[Start of Attachment]

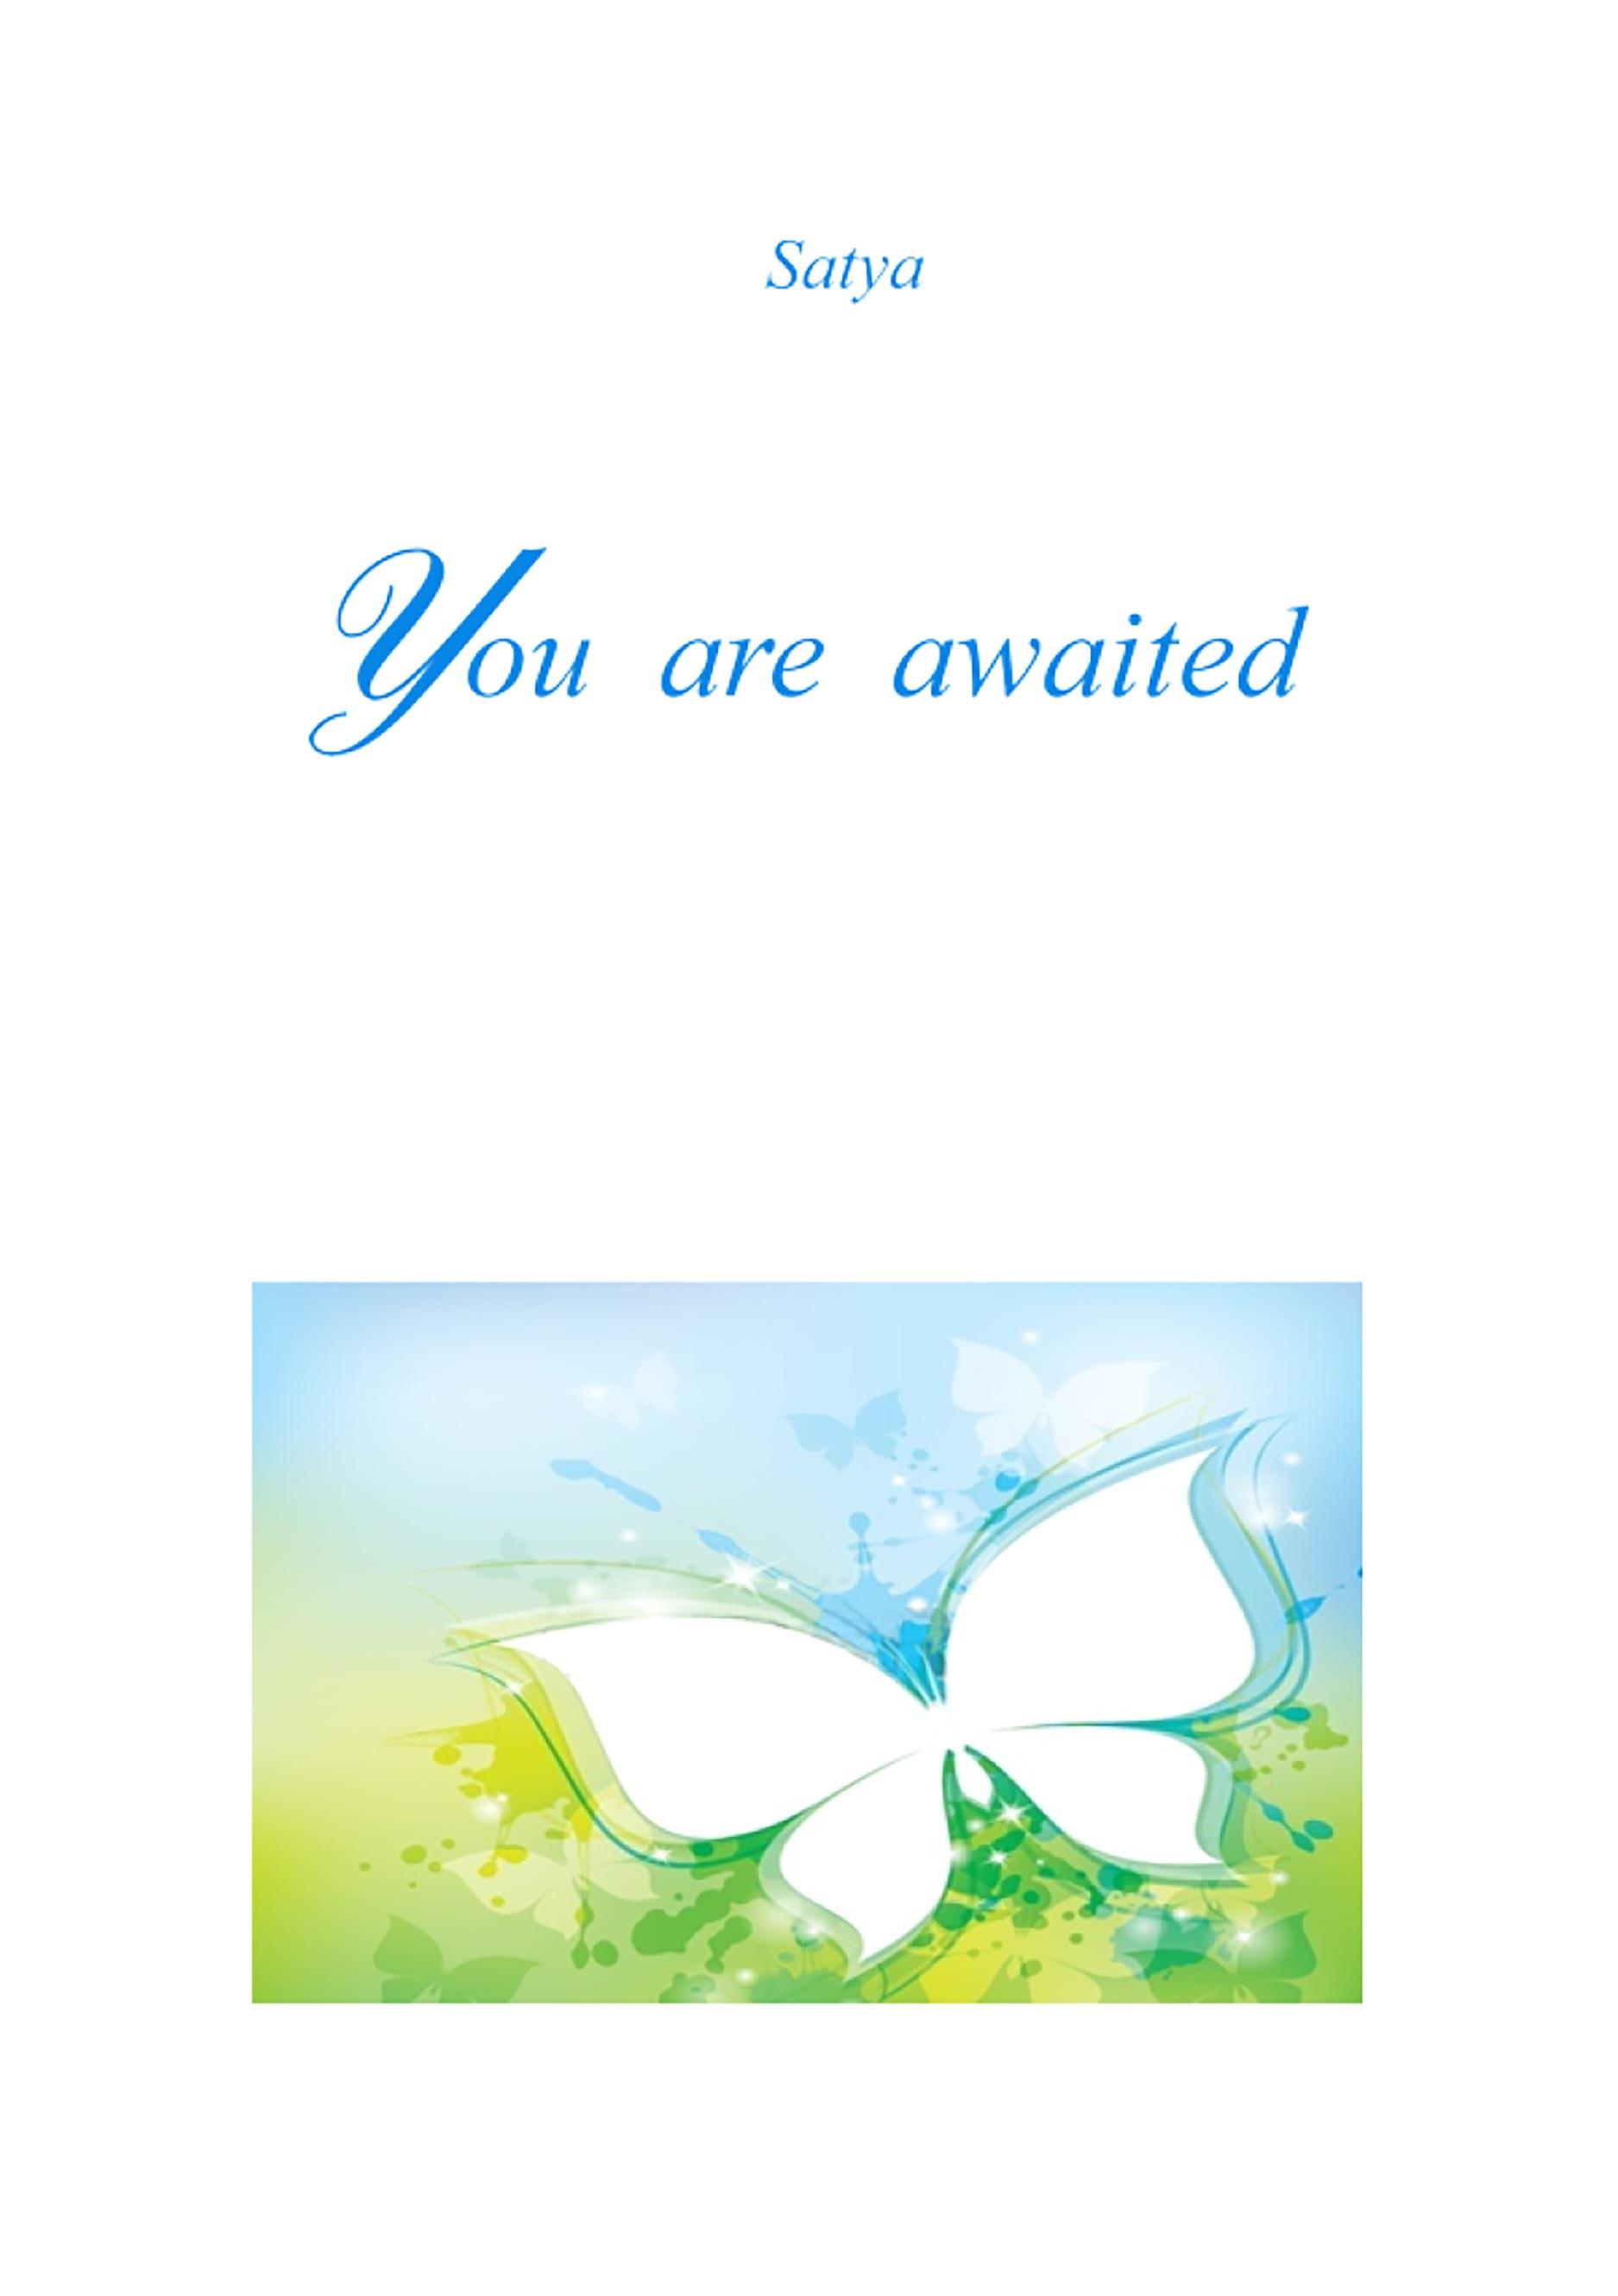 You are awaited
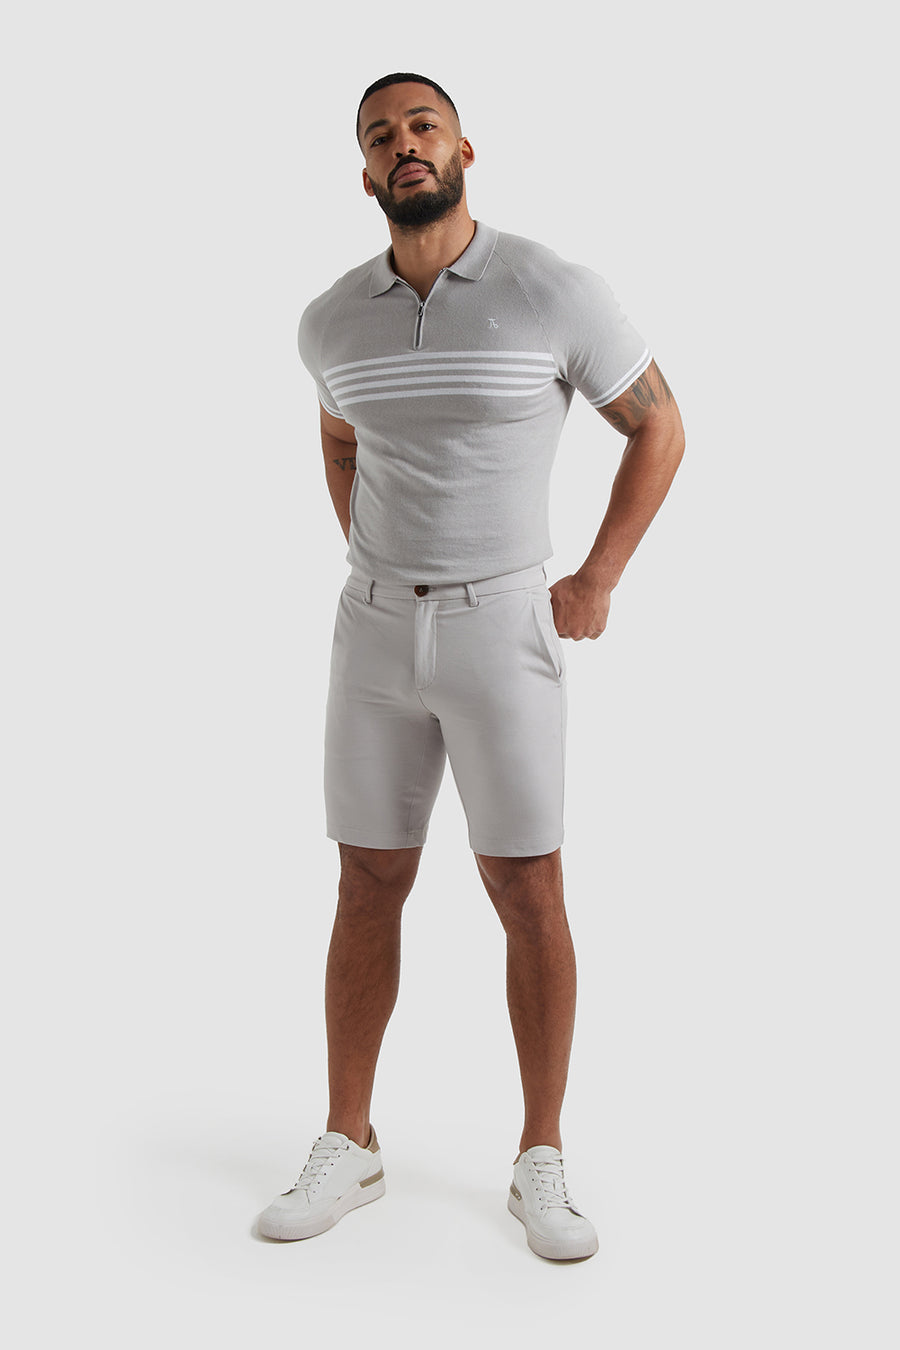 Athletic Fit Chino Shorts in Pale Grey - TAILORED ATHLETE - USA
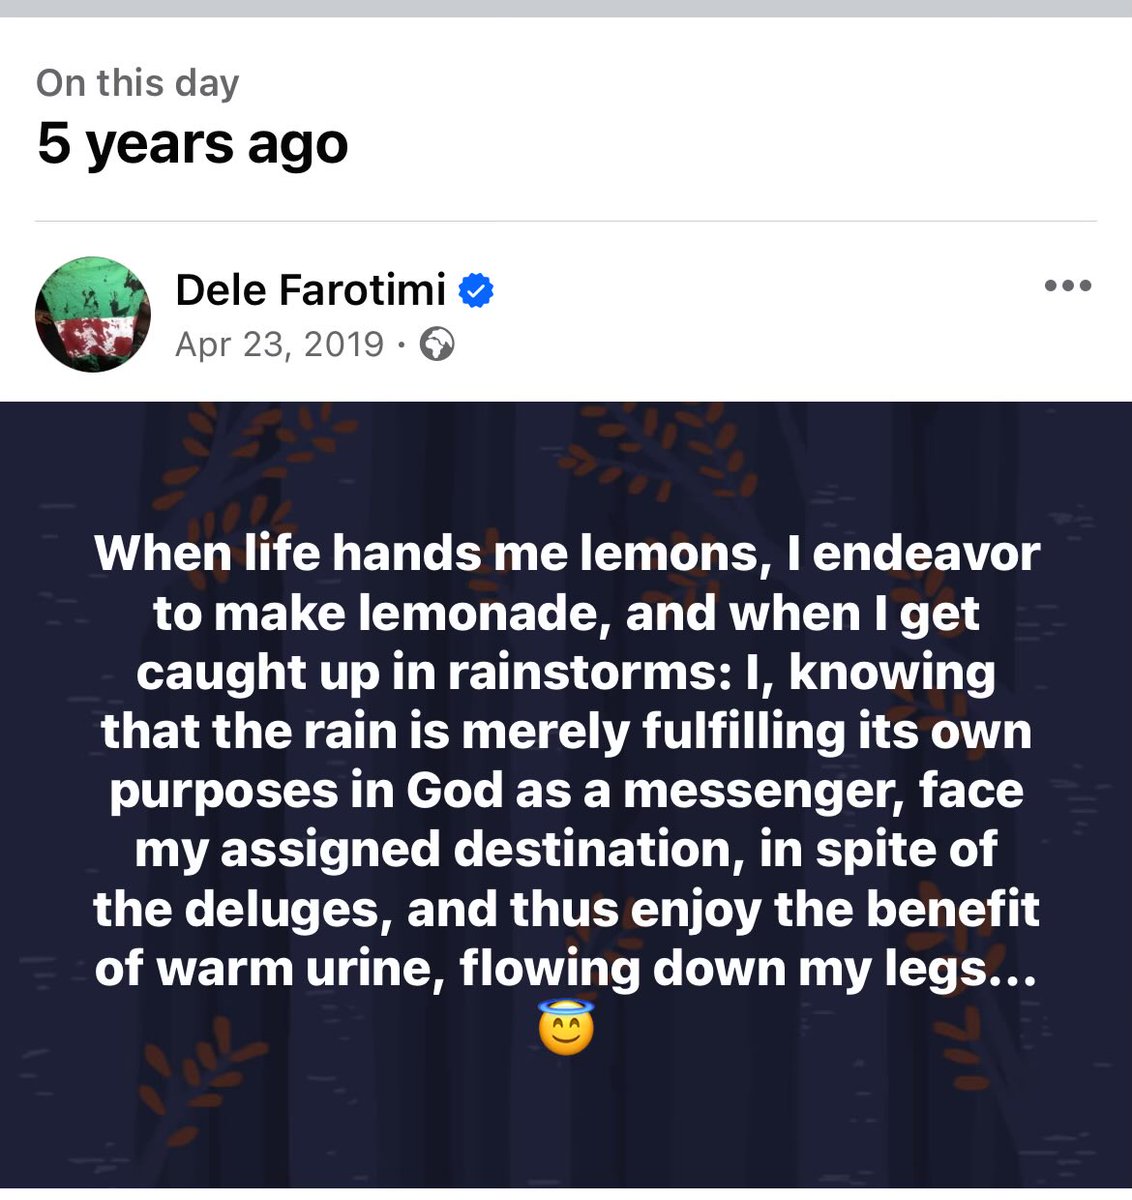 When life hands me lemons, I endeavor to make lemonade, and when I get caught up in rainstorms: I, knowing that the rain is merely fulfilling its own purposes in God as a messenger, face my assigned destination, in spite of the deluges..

[End of Attachment]

→ Activity:
Repeat every line above exactly, but omit all images.

→ Answer to the exercise:
 You are awaited
 Athletic Fit Chino Shorts in Pale Grey - TAILORED ATHLETE - USA
 When life hands me lemons, I endeavor to make lemonade, and when I get caught up in rainstorms: I, knowing that the rain is merely fulfilling its own purposes in God as a messenger, face my assigned destination, in spite of the deluges..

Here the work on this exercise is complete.